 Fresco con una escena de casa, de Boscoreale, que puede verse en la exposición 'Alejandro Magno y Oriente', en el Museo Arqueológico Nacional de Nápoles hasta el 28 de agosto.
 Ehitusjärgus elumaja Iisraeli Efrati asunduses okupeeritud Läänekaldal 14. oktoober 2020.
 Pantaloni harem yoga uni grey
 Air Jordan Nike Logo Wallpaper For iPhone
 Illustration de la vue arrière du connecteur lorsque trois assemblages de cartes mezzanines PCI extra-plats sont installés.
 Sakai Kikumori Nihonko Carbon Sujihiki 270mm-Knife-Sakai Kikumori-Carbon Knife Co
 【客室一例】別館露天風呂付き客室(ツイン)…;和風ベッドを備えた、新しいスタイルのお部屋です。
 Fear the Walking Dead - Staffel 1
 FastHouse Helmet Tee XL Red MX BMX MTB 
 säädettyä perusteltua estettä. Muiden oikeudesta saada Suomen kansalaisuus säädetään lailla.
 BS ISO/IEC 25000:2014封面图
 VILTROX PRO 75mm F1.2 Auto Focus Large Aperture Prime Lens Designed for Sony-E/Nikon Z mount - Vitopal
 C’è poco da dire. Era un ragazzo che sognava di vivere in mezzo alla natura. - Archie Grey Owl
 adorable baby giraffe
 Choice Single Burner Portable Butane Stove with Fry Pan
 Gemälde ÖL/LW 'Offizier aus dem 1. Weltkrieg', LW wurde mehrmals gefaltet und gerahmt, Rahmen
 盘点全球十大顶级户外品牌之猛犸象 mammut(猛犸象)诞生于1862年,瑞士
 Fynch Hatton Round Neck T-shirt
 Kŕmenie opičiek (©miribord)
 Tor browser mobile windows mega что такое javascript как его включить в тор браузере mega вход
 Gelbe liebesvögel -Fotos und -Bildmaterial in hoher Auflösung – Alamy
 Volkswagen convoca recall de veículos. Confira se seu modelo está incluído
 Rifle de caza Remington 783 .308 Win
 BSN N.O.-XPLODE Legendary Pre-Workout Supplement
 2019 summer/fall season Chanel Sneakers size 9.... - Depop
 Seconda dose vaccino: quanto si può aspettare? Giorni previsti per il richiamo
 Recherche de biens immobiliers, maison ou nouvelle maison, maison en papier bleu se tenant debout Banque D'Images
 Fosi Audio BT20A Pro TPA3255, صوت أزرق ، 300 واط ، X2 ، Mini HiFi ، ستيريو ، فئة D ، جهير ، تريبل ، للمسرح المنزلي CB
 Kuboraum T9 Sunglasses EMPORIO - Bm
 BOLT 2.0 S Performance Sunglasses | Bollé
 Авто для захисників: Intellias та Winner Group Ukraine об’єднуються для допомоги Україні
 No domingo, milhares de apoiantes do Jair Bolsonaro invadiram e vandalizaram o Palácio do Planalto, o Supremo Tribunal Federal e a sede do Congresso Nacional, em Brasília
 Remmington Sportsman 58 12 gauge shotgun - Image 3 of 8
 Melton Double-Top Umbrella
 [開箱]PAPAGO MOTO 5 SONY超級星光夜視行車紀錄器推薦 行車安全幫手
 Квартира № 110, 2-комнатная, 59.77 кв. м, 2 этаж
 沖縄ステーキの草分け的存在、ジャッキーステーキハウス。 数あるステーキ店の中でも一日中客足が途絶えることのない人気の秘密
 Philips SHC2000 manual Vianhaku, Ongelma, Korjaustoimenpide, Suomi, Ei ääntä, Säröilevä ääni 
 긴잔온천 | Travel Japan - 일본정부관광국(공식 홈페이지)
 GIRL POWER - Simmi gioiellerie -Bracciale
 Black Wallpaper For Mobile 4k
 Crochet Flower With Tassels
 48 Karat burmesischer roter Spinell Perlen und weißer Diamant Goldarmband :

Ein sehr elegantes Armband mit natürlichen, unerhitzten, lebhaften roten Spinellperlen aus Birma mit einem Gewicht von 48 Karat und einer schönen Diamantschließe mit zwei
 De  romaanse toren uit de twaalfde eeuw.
● ● ●
What to work on
Filter the entries above down to the lines containing the word "Wallpaper".

Response area
 Air Jordan Nike Logo Wallpaper For iPhone
 Black Wallpaper For Mobile 4k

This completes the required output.